Do you think you could possibly please endorse me for my Teaching Grandmother To Suck Eggs skills?
Stuart
Look up "Therac-25" on Wikipedia. Sometimes assuming everything will work OK is not good enough!
Richard Jackson wrote:
Look up "Therac-25" on Wikipedia. Sometimes assuming everything will work OK is not good enough!
"AECL had never tested the Therac-25 with the combination of software and hardware until it was assembled at the hospital." Murphy must have patted himself on the back and taken the week off after that one.
---- I was involved with a Major System where they were planning to put Major Safety System 1 (we're talking Major Headlines here if it went wrongl) and Major Safety System 2 on a distributed processor network.

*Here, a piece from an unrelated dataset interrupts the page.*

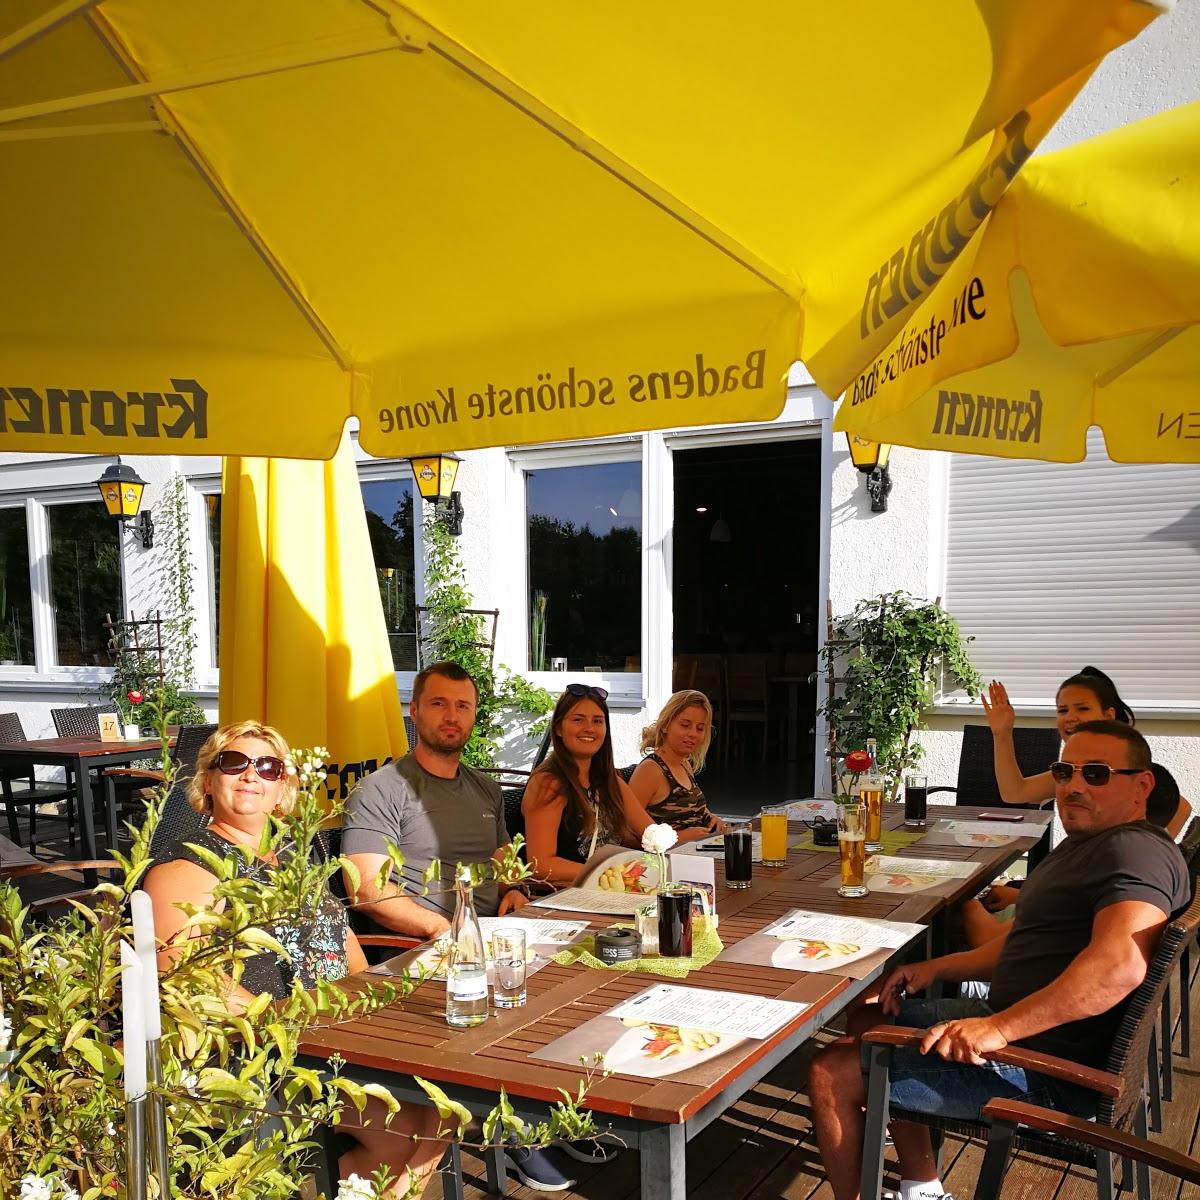 Restaurant "Ess & Sporthaus Diersheim" in Rheinau

To save costs Subcontractor A were going to develop and test MSS1 at their site, Subcontractor B were going to develop MSS2 at their site and integration testing would done during acceptance ... I'm still cowering under the table about that one and I'm not a safety engineer.
""A naive assumption is often made that reusing software or using commercial off-the-shelf software will increase safety because the software will have been exercised extensively." Gotta agree with that one - I often find that software hasn't extensively exercised many of the features that I tend to want to use ... and I often get the blame for using them!
Stuart
StuartBruff wrote:
Do you think you could possibly please endorse me for my Teaching Grandmother To **** Eggs skills?
... One of these days, every word in the English Language is going to be so overloaded with scatological and other meanings that the spell checker will turn entire documents into a string of censored expletives. It never even crossed my mind that Granny would s-u-c-k anything but eggs, and I had to spend a minute or so wondering why the 4 asterisks as I was pretty sure I hadn't typed an "f" by mistake (although with my new laptop's trackpad, I wouldn't entirely dismiss that scenario, as the cursor jumps all over the place when my hands are closer than an inch or so away. Why can't they put trackpads out of the way of the palms?).
Stuart
I think if the last equation in your solve block is replaced by one in which moments are taken about B instead of A you will have your last independent equation. I think it will be: w1*L1^2/2 + w2*L2^2/2 - Ra*L1 - Rc*L2 = 0
This gives a robust solution (though, since I don't know what the physical scenario is actually like, my equation might well be wrong!).
Alan
AlanStevens wrote:
I think if the last equation in your solve block is replaced by one in which moments are taken about B instead of A you will have your last independent equation. I think it will be: w1*L1^2/2 + w2*L2^2/2 - Ra*L1 - Rc*L2 = 0
This gives a robust solution (though, since I don't know what the physical scenario is actually like, my equation might well be wrong!).
Alan
This seems to be the solution. I have just swapped the equations out and the graphs look good and do not change when the guess values change. Superb work.
However, when I solve symbolically I am not getting the same reaction forces as the numerical solution, which doesn't seem correct.